Many years ago in the UK, the Labour party and Conservatives squished out the Liberals to non-existence.

By electing Mulcair to continue Jack's legacy, the NDP may do just that.  But Mulcair has recognized that his first priority is party unity.  He needs to convince the old party brass of Brian Topp and Ed Broadbent that, like my old friend's social studies teacher back in the 80's, the old socialist way of thinking may get some elected, but it won't form a federal government.

No wonder the Liberals want to move their leadership race to this Fall.

Thursday, March 22, 2012

Redford PCs - "Money For Nothing"

Ordered to only give 12% back, Redford's PC MLAs who were on the committee were finally ordered to return only the money since she's been in power because according to her, "You can't change the past".
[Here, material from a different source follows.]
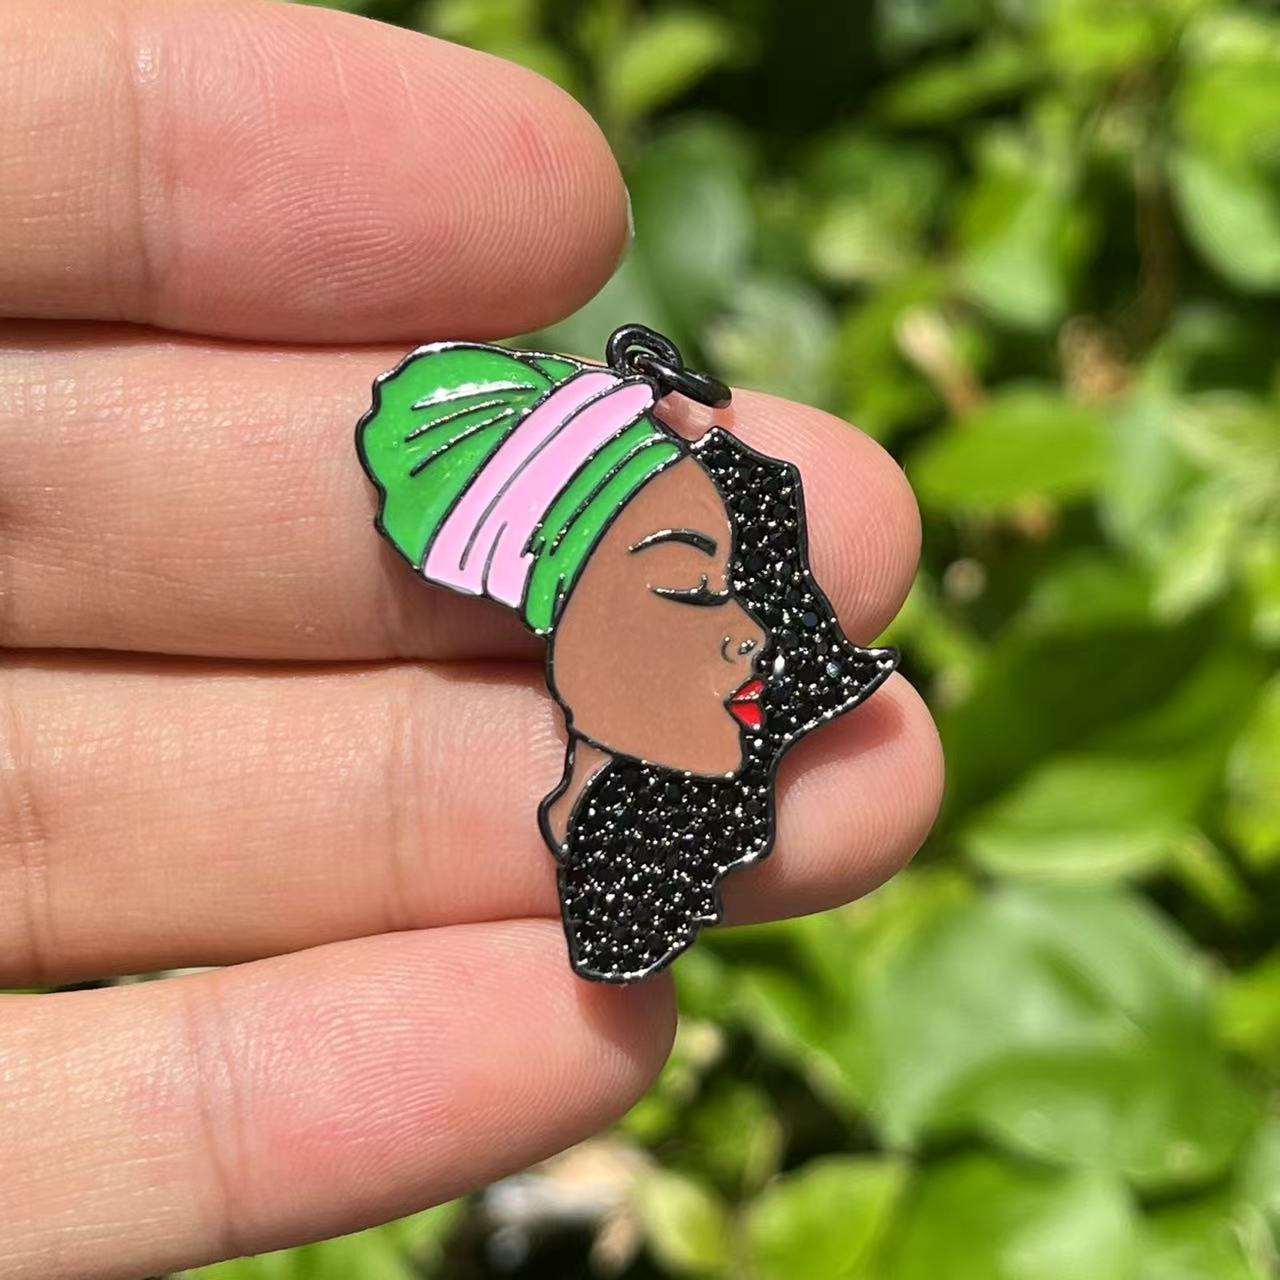 5PCS Africa Map Pendant with Cubic Zirconia Accent - Flexi Africa - Flexi Africa offers Free Delivery Worldwide - Vibrant African traditional clothing showcasing bold prints and intricate designs

Well, no, you can.  Hats off to Liberal MLAs Dr. David Swann for originally giving all the money to charity and to leader Dr. Raj Sherman for paying his $40,000 back with interest.
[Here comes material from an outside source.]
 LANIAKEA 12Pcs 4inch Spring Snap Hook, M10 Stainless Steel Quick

For a full story, blogger Calgary Grit outlines and sums up the "Money For Nothing" scandal better than I ever could.  Give it a read.  Quotes from Redford and her PC MLAs simply show how arrogant and entitled they think are.

Come this election, let's remind them otherwise.

Wednesday, March 21, 2012

Q4 Net Interprovincial Migration

...It's Alberta by a landslide.  There's a big worker shortage here.
Newfoundland: -199
PEI: -468
Nova Scotia: -1,143
New Brunswick: -136
Quebec: -1,246
Ontario: -1,084
Manitoba: -1,004
Saskatchewan: +1
Alberta: +6,010
BC: -353
Yukon: -26
Northwest Territories: -271
Nunavut: -81

Monday, March 19, 2012

More than just tires...

Who the heck approved this?  I'd fire them. #wrp

Monday, March 12, 2012

Redford and the Money For Nothing Scandal

You may have heard...

There's was this legislative committee, you see, and it had 21 MLAs on it, mostly PCs.  Non-cabinet members on the committee got $1000 extra PER MONTH to be on the committee.
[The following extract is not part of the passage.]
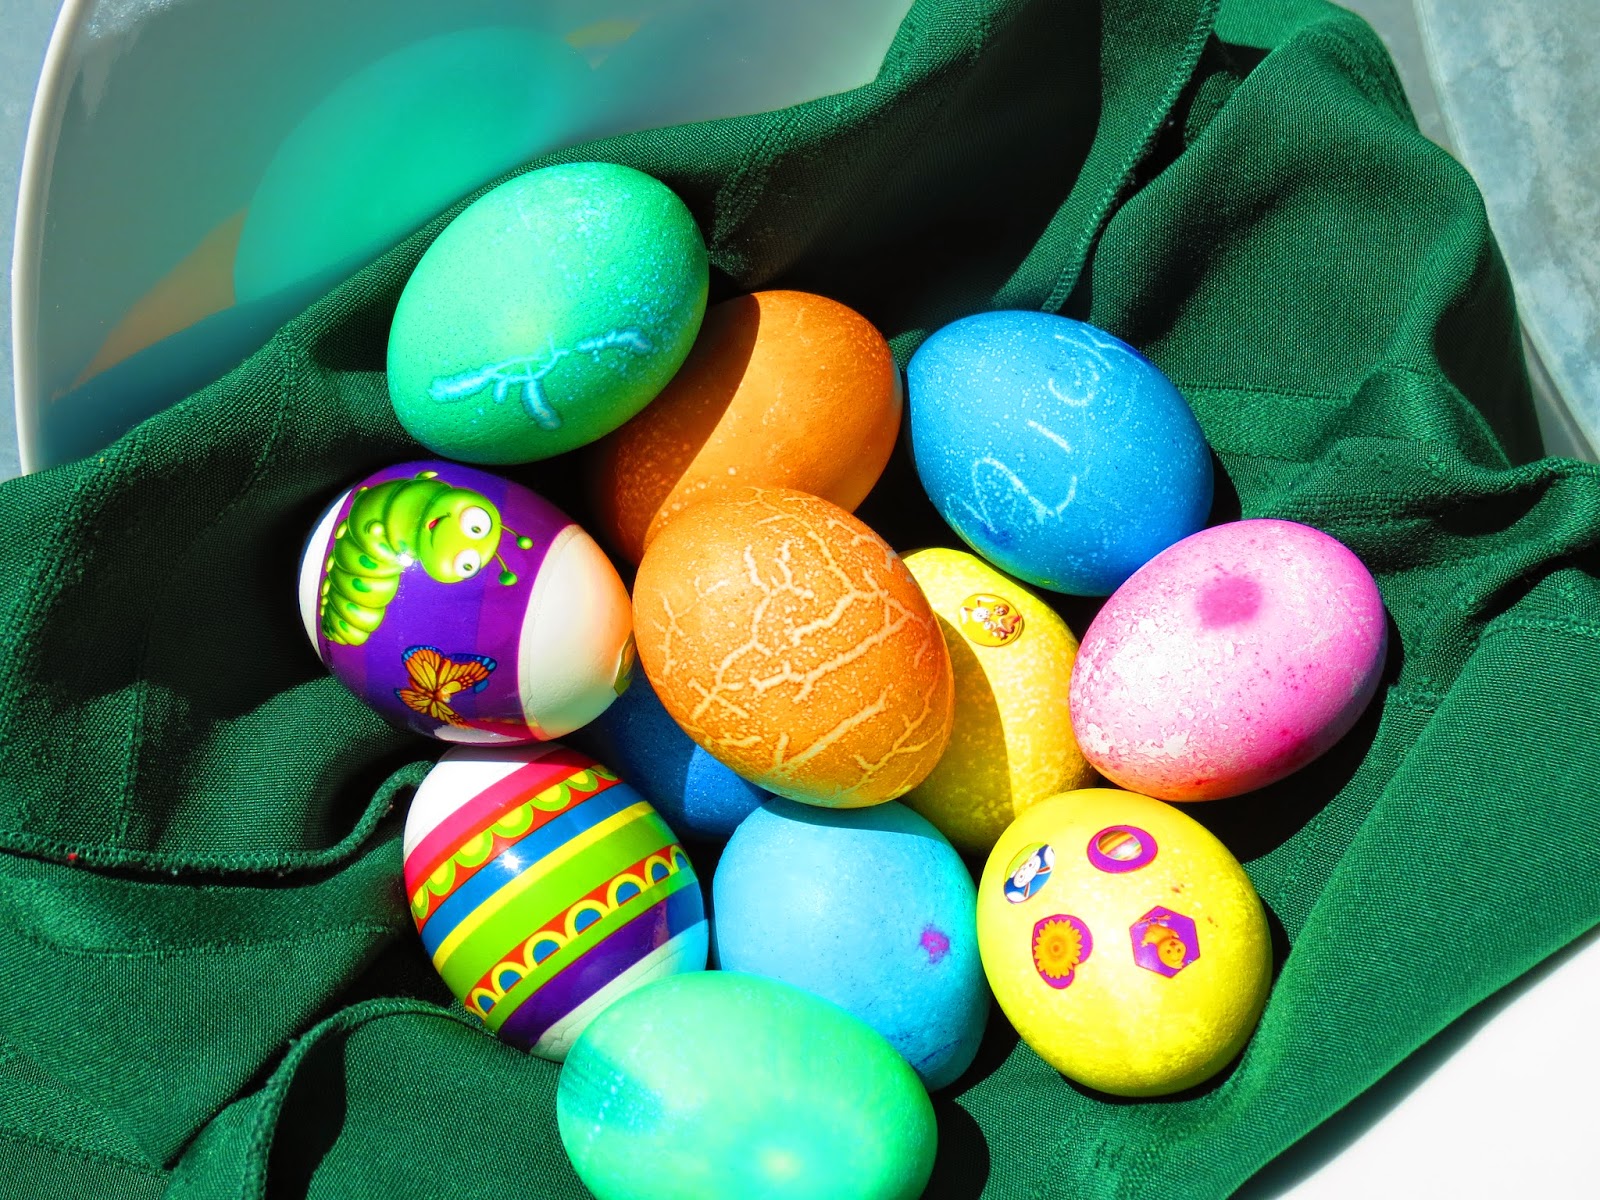 TIMLENNOX.COM: The 2014 Easter Egg Collection

Thing is, since 2008, they've only met once, and apparently, for only 17 minutes!

The committee pay structure works like this... if you're on 7 committees, you only get a maximum of being paid as if you were on 4, so $4000/month.  Yippy!

Now wait a sec... don't we expect all of our MPs to be on a committee of some sort?  Isn't that part of their, you know, JOB?   Teachers don't get extra pay for the countless hours coaching basketball.

Anyway, to take it even further, if you think that's the kicker...

In one breath, Premier Redford said she didn't even know about the committee and said MLAs should return the money on their own as "it's a personal decision"...

Then the opposition and SOME media outlets shed light on the issue and demand that she order her MLAs to return the money...

So in the next breath, today she changes her tone and makes the order to suspend pay for this committee, while at the same time, trying to spin it saying in the leadership race she promised to review MLA pay structure.

Oh, what leadership!  What ethics!

I guess we'll wait until after the election to see if this happens.

Seriously, isn't 40 years of the same party in power not healthy for any democracy?

I'll say it again, vote for anyone but the PCs.  If you're progressive, you have lots of choices -- NDP, Liberal, Alberta Party.  If you're middle of the road you got the Alberta Party, Liberals, and middle-right, you got the Wildrose Party.  One of those parties fits your ideology, because I don't think the PCs are progressive or conservative at all anymore.